Stored items
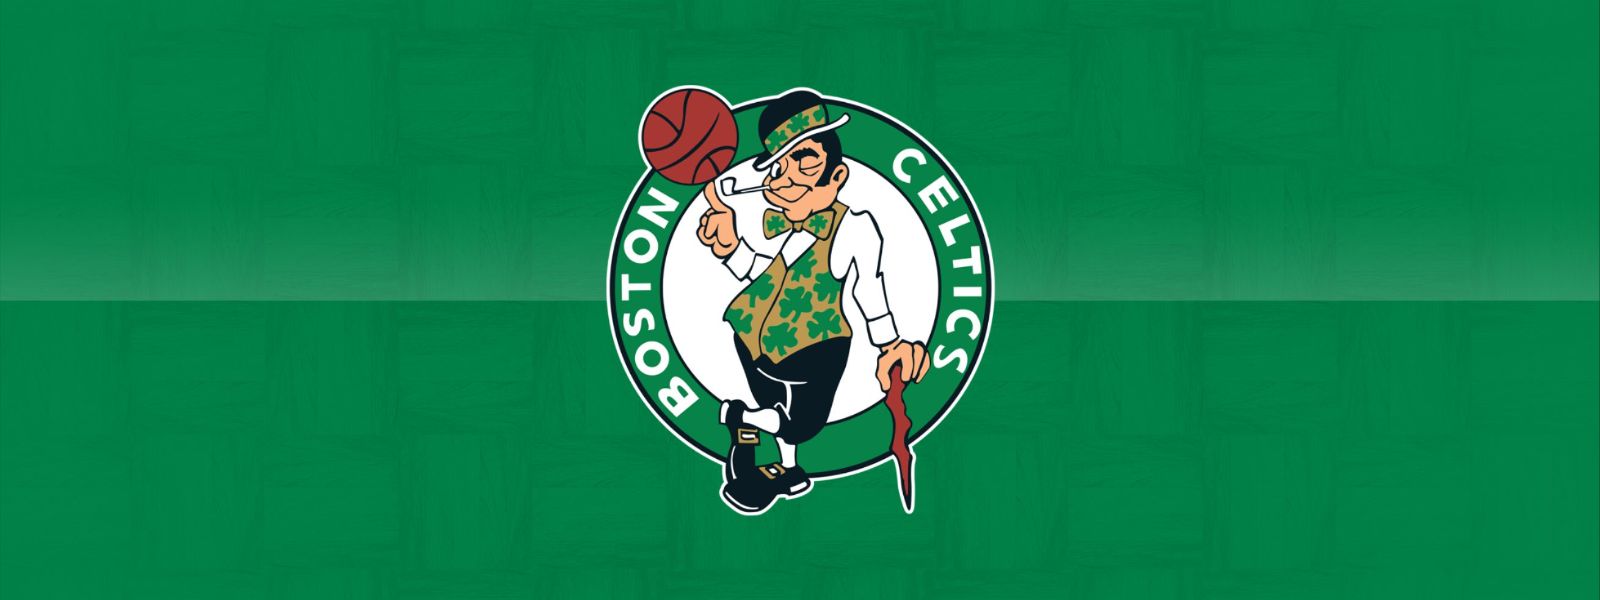 Celtics vs. Hornets 
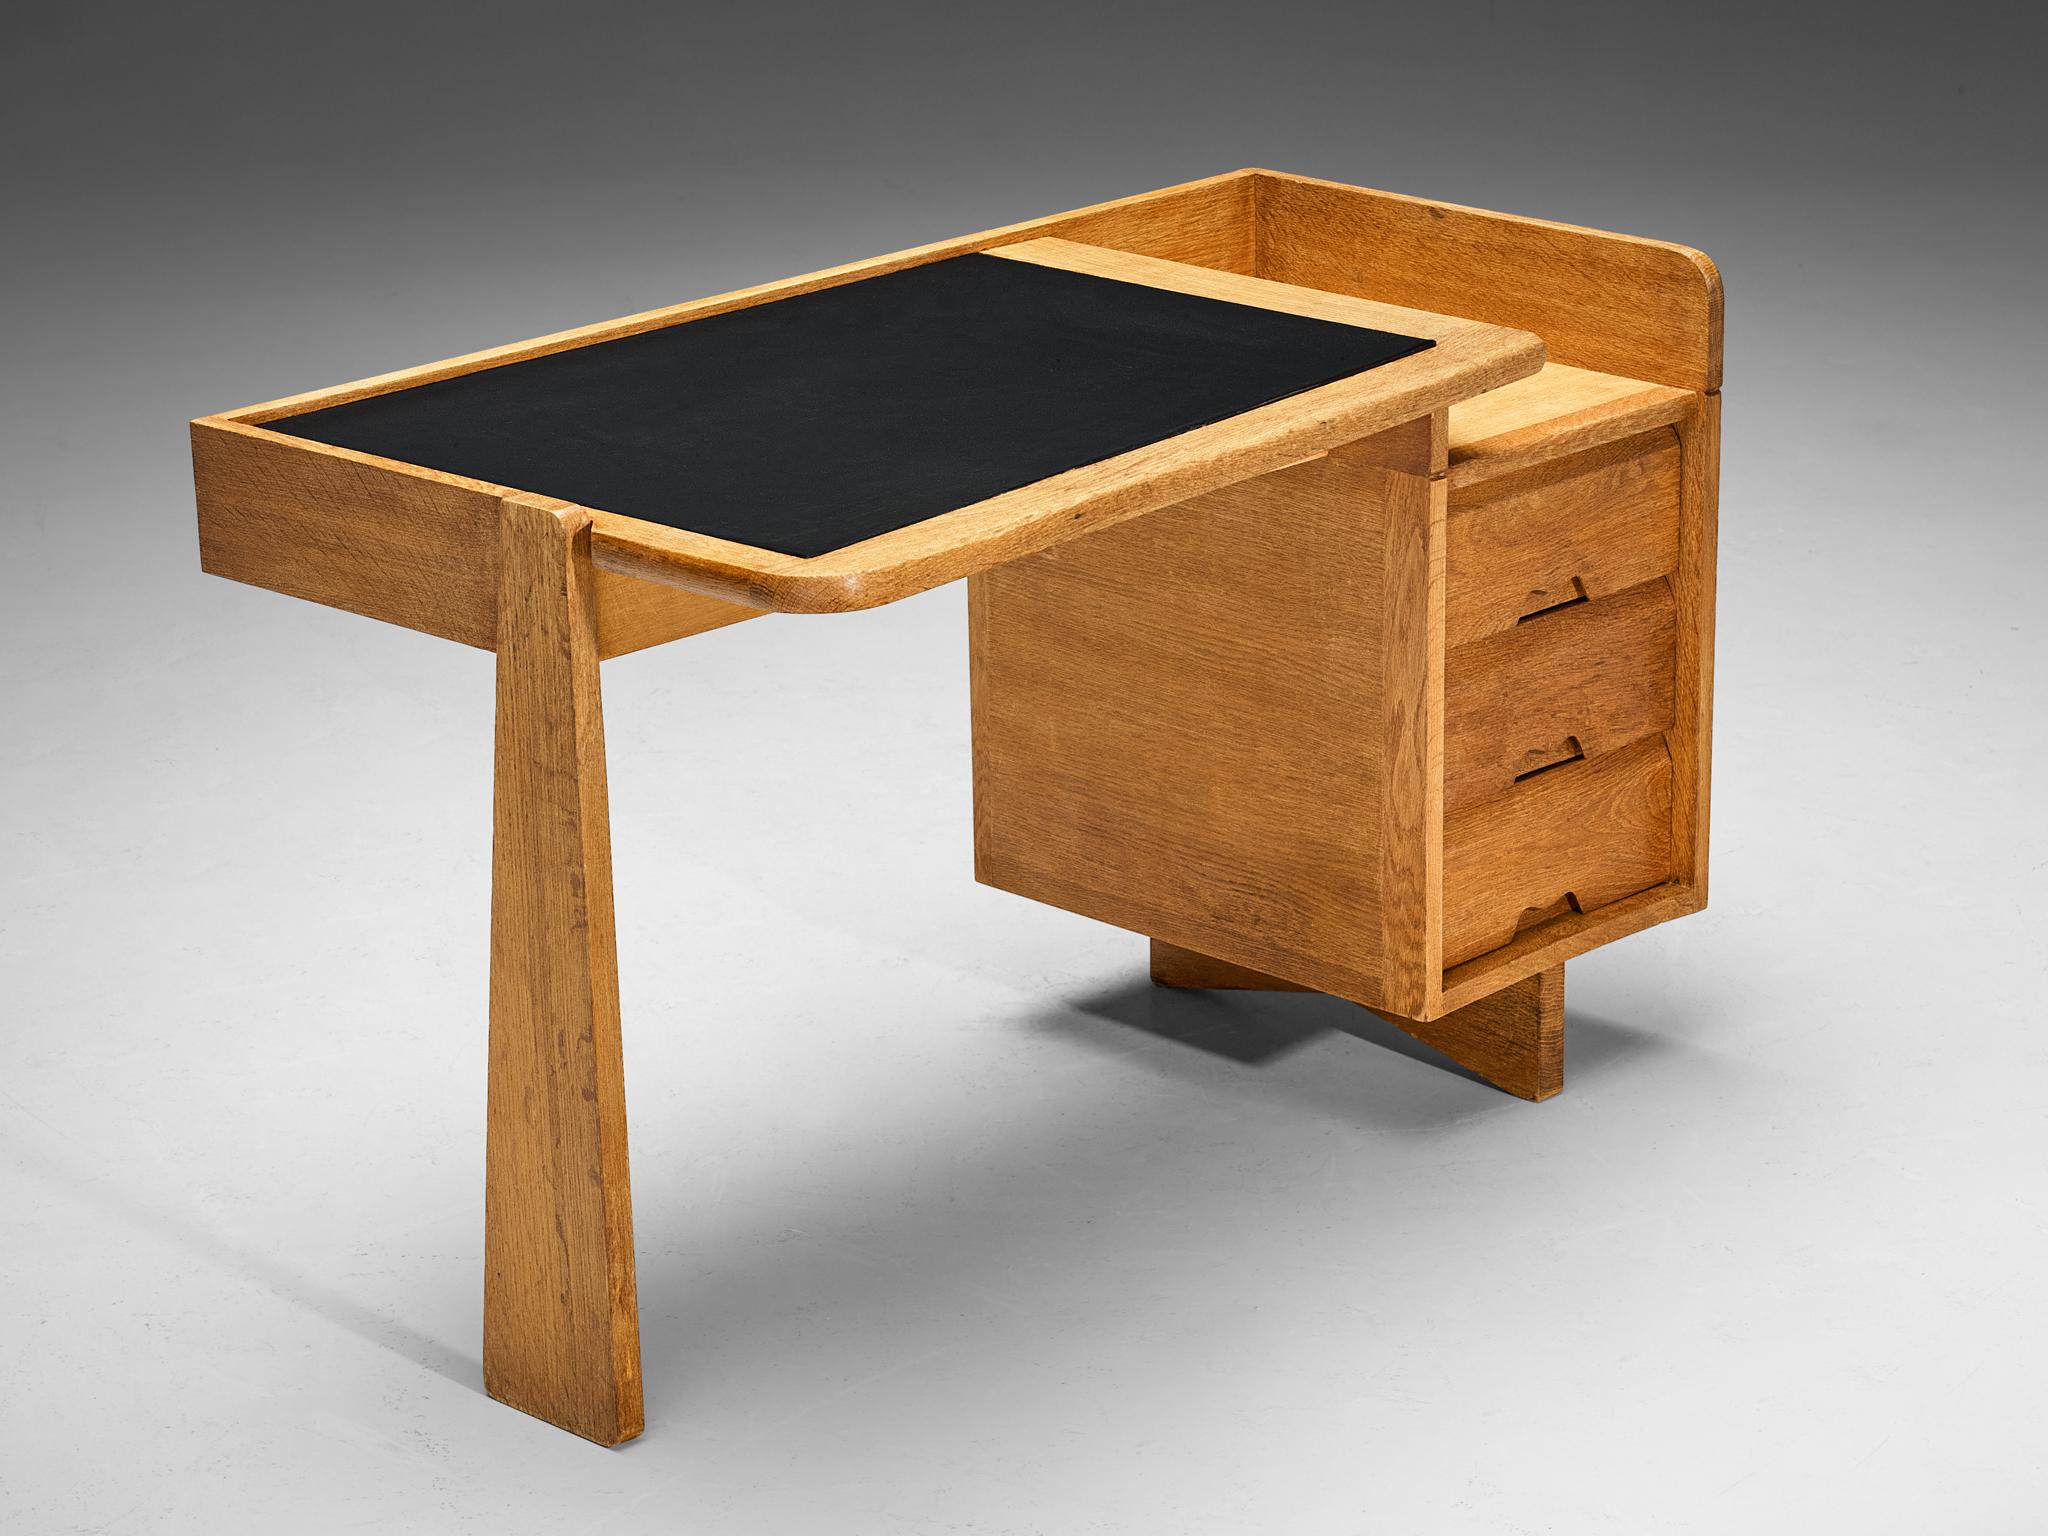 Guillerme et Chambron für Votre Maison, Schreibtisch, Eiche, Leder, Frankreich, 1960er Jahre.

Dieser Schreibtisch ist ein Entwurf des renommierten französischen Duos Guillerme et Chambron. Dieser Entwurf zeichnet sich durch eine äußerst ausgewogene
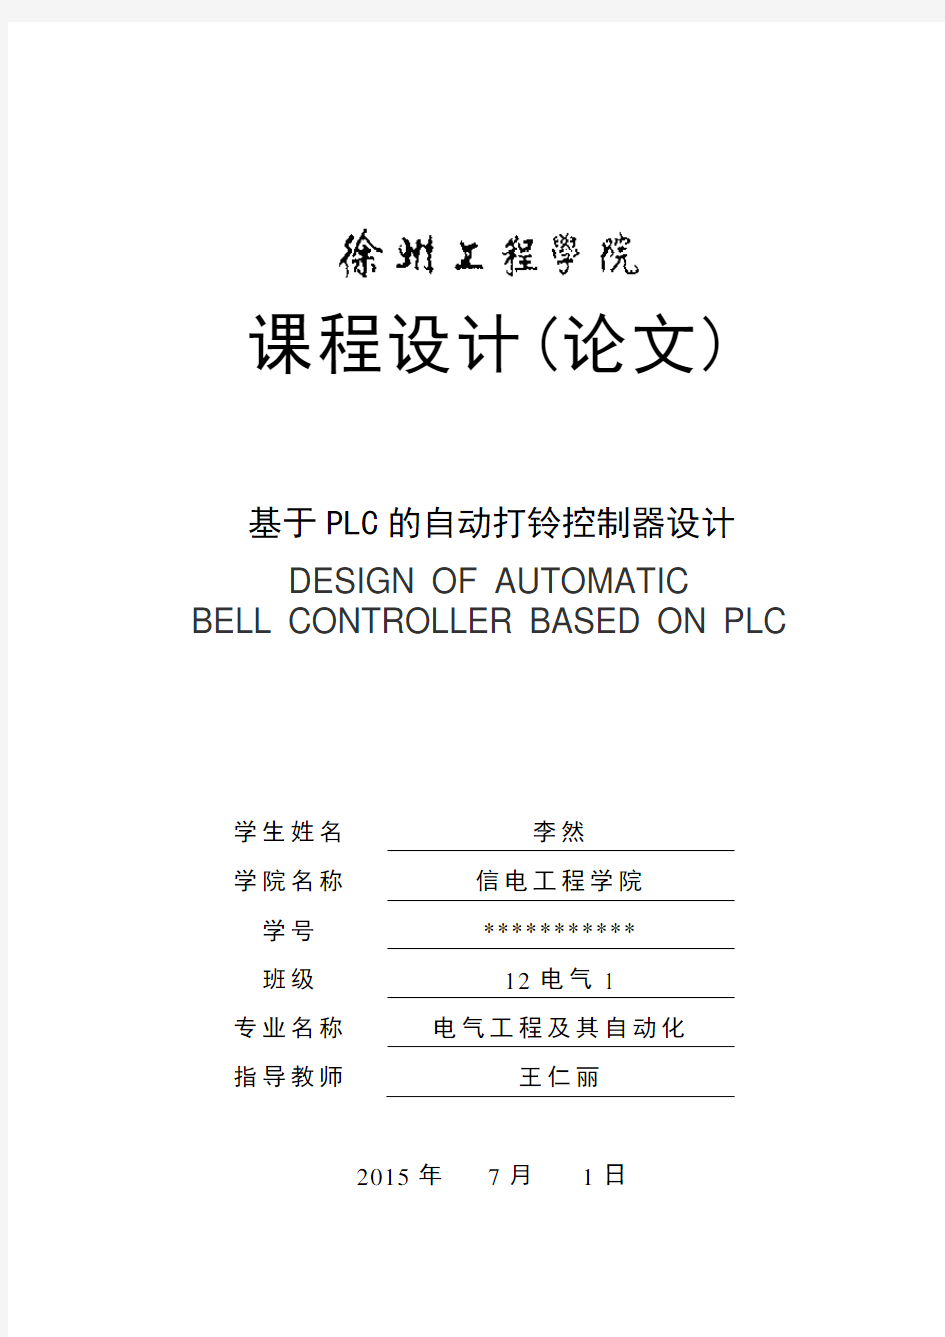 基于PLC的自动打铃控制器设计
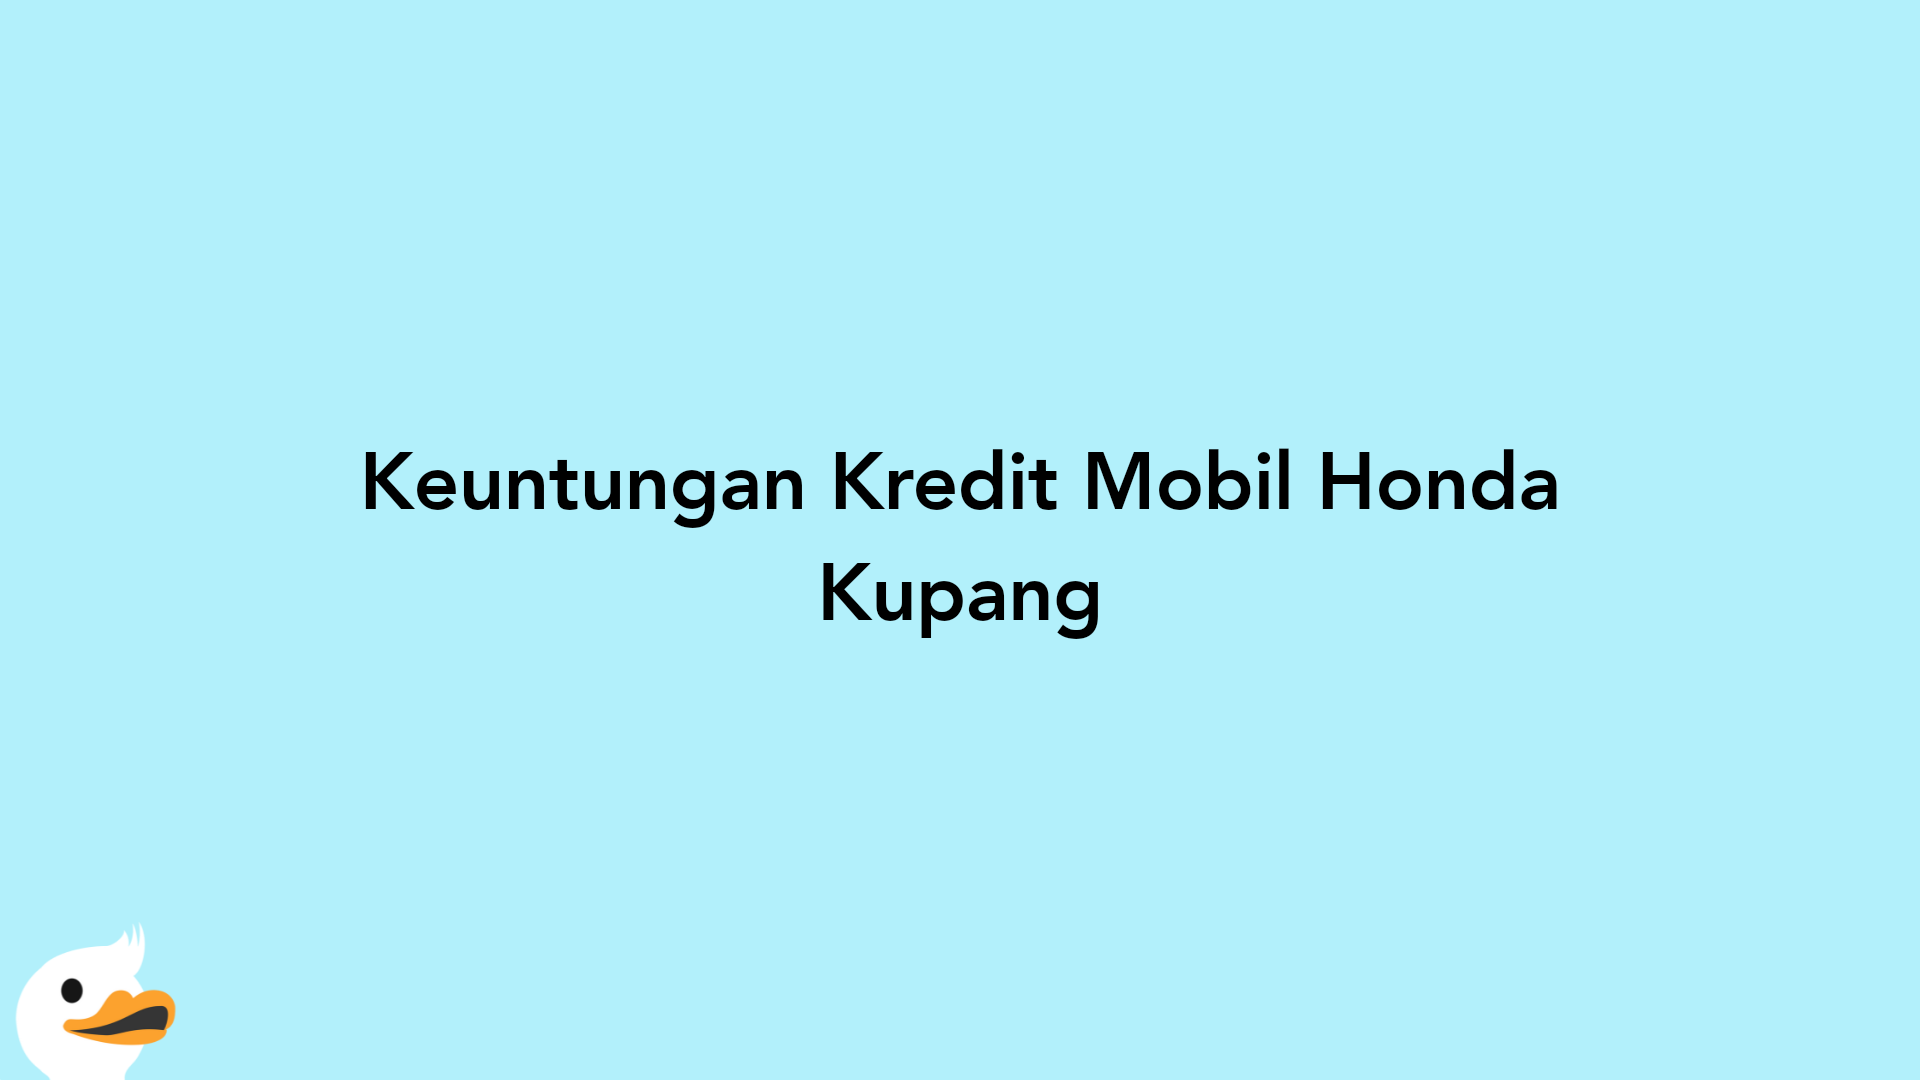 Keuntungan Kredit Mobil Honda Kupang

*What you have to do*
The expected output is every record above, copied exactly, without pictures.

*Final answer*
 Celtics vs. Hornets 
 Guillerme et Chambron für Votre Maison, Schreibtisch, Eiche, Leder, Frankreich, 1960er Jahre.

Dieser Schreibtisch ist ein Entwurf des renommierten französischen Duos Guillerme et Chambron. Dieser Entwurf zeichnet sich durch eine äußerst ausgewogene
 基于PLC的自动打铃控制器设计
 Keuntungan Kredit Mobil Honda Kupang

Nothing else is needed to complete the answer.